• [What to do]
Take every line of the material below that includes the string "Star" and copy it out.

----- Data

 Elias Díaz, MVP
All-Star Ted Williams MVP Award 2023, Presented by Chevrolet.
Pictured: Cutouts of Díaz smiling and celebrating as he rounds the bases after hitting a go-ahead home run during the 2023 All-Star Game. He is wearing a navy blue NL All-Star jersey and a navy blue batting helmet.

----------

• [Solution for this exercise]
All-Star Ted Williams MVP Award 2023, Presented by Chevrolet.
Pictured: Cutouts of Díaz smiling and celebrating as he rounds the bases after hitting a go-ahead home run during the 2023 All-Star Game. He is wearing a navy blue NL All-Star jersey and a navy blue batting helmet.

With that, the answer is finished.